To evaluate the distribution of treated cells on the basis of cell cycle properties, treated cells were washed twice with ice-cold PBS, collected by centrifugation and fixed in 70% (v/v) ethanol at 4°C for 2h. After fixation, the cells were treated with 1ml propidium iodide staining buffer (0.1% Triton X-100, 100μgml−1 RNase A, 80μgml−1 propidium iodide in PBS) at 37°C for 30min.

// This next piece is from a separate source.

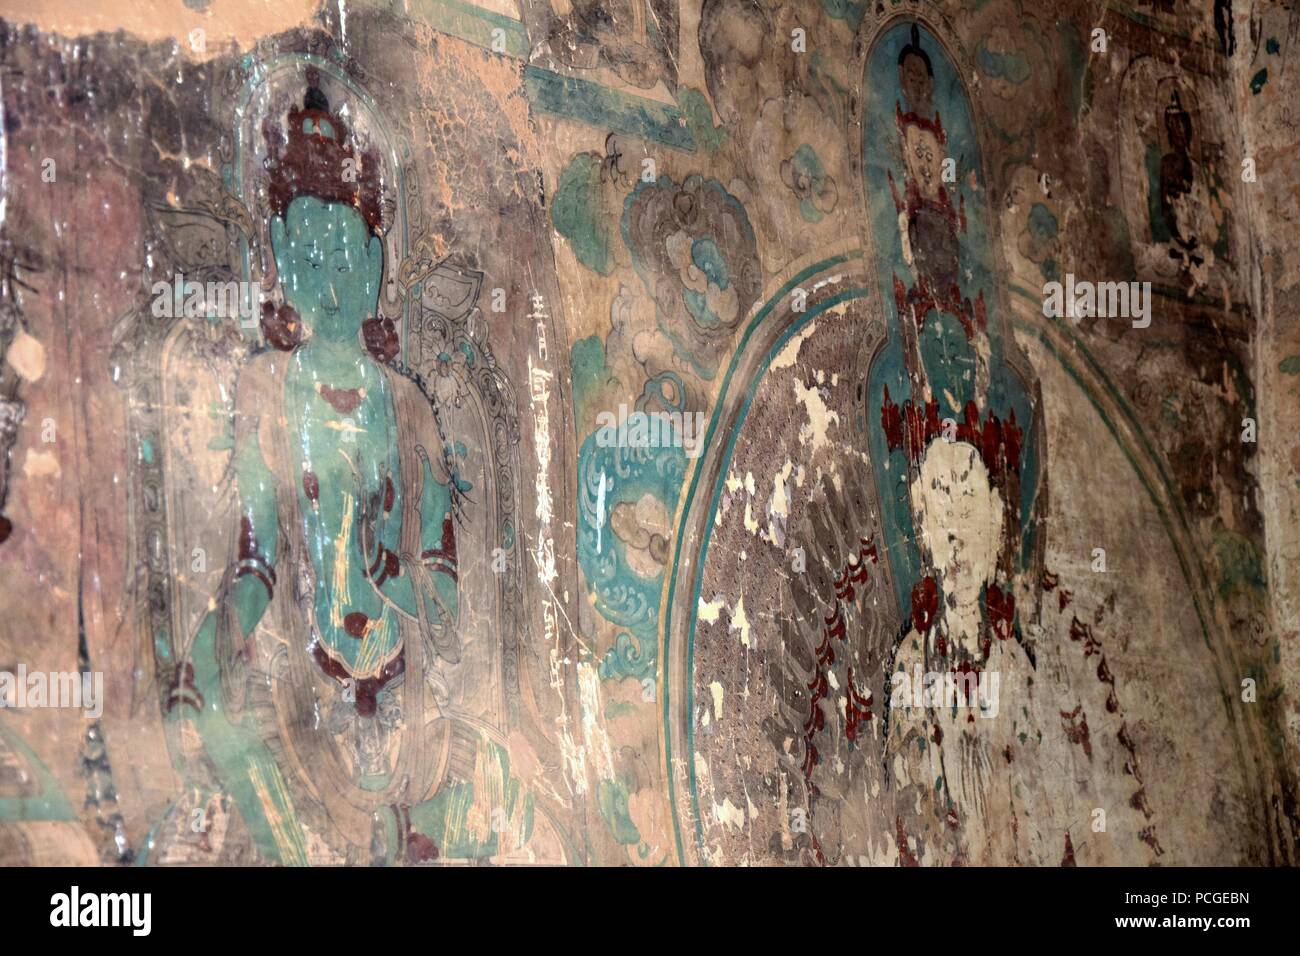 LANZHOU, province de Gansu, CHINE - CIRCA MAI 2017 : peintures murales à Bingling temple grotte (site du patrimoine mondial de l'UNESCO). Banque D'Images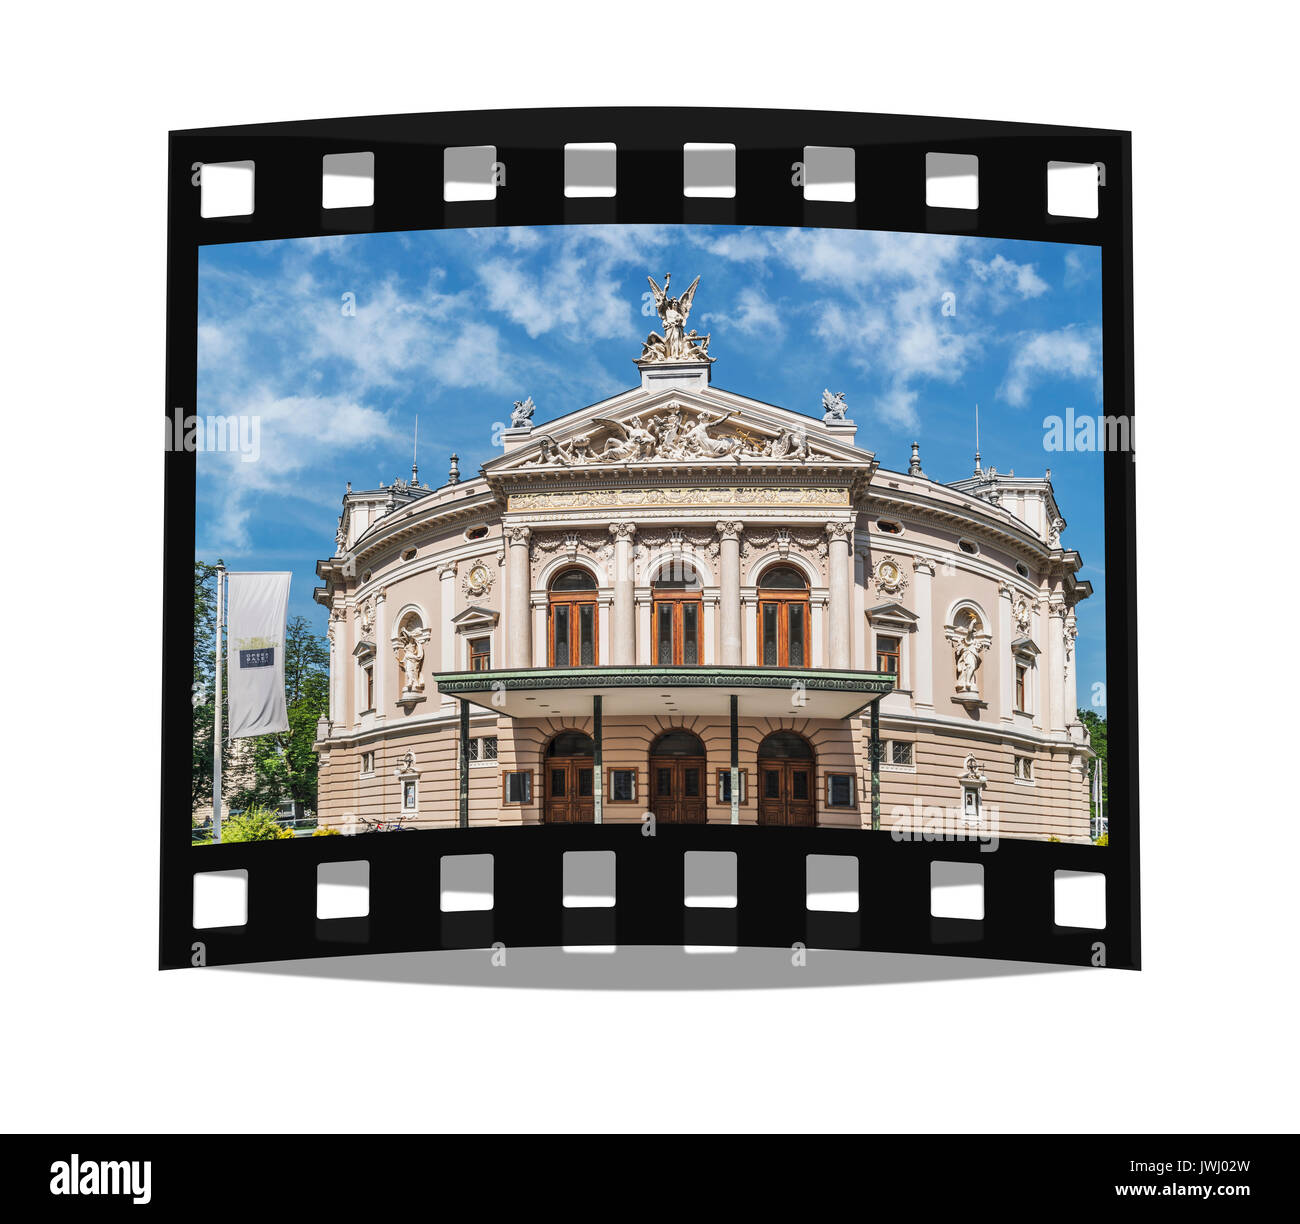 Die Oper von Ljubljana ist auf der Straße Zupanciceva ulica 1 befindet. Das Gebäude wurde im Jahr 1892, Ljubljana, Slowenien, Europa Stockfoto

Cells were detected using a cytofluorometer, and analysed by FACScan and CellQuest program (Becton Dickinson). The experiment was performed twice in duplicates, and the average results from one experiment are presented in Table 1.
All animal experimental protocols were approved by the Institutional Animal Care Committee of the University of Chicago. U87MG cells (0.3 × 106 cells per mouse) were injected intracranially into the right lobe of 5- to 6-week-old female BALB/c nu/nu mice (n=13 per group). Four days after injection of tumour cells, few mice were killed to check for tumour growth. After the tumour was confirmed, the mice were randomized and treated with five consecutive intraperitoneal (i.p.) injections of TMZ (70 or 10mgkg−1 body weight in 100μl) along with 5μl solution containing either AdWT or CRAd-S-pk7 at a dose of 3 × 109 vp per mouse injected (one or two injections). The health of each group was carefully monitored and symptom-free survival time was noted. Sick animals were killed to avoid pain and suffering. One animal from each group was killed every 15 days, unless they needed to be killed due to deteriorating health to examine Intracranial (i.c.) tumour and analyse brain tissue. Brain tissues were fixed in 10% formalin, embedded in paraffin, and then cut into 5μm thick sections or used for tissue microarrays. DNA was isolated from 5mm thick tissue section and processed for detection of adenoviral expressions by quantitative PCR using E1A primers and normalised to GAPDH.
For tissue microarray analysis, the paraffin blocks from five different groups: (mock; CRAd-S-pk7; TMZ (10mgkg−1 per day); CRAd-S-pk7 and TMZ (10mgkg−1 per day) were constructed as described by (Kononen et al, 1998). Sections stained with hematoxylin and eosin (H&E) were used to morphologically localise representative tumour regions within the blocks (5 per condition/per treatment). A tissue array instrument (Beecher Instruments, Silver Spring, MD, USA) was used to create holes in a recipient paraffin block and to acquire tissue cores from the donor block by a 1.0mm thin-walled needle held in an X–Y precision guide. The cylindrical samples were retrieved from the selected tumour regions in the tissue blocks and transferred directly into the recipient blocks with defined array coordinates. After the construction of the array block, multiple 5μm thick sections were deparaffinised and rehydrated using xylene and ethanol and then transferred to the 0.02% Triton for permeabilisation. Slides in citrate buffer (pH 6.0) were heated in the steamer for 30min. After cooling for 30min and a three 5min wash in PBS, the slides were incubated in 3% BSA for 30min. The slides were successively transferred to 3% H2O2 for 10min and then incubated overnight with either rabbit monoclonal α-Ki-67 (M7187, Dako), α-LC3 (Novus Biologicals) or α-Caspase-3, which recognises cleaved Caspase-3 (Cell Signaling), after processing by EnVision system (Dako) according to the manufacturer's instructions. Negative control slides were processed in an identical fashion to that above, with the substitution of 1% BSA in PBS for the primary antiserum. Photomicrographs were taken from one mouse sample on a given time point (day) as representative image of whole group using a Leica DMLS microscope coupled to a digital camera (Photometrics SNAP, Roper Scientific, Inc., Glenwood, IL, USA).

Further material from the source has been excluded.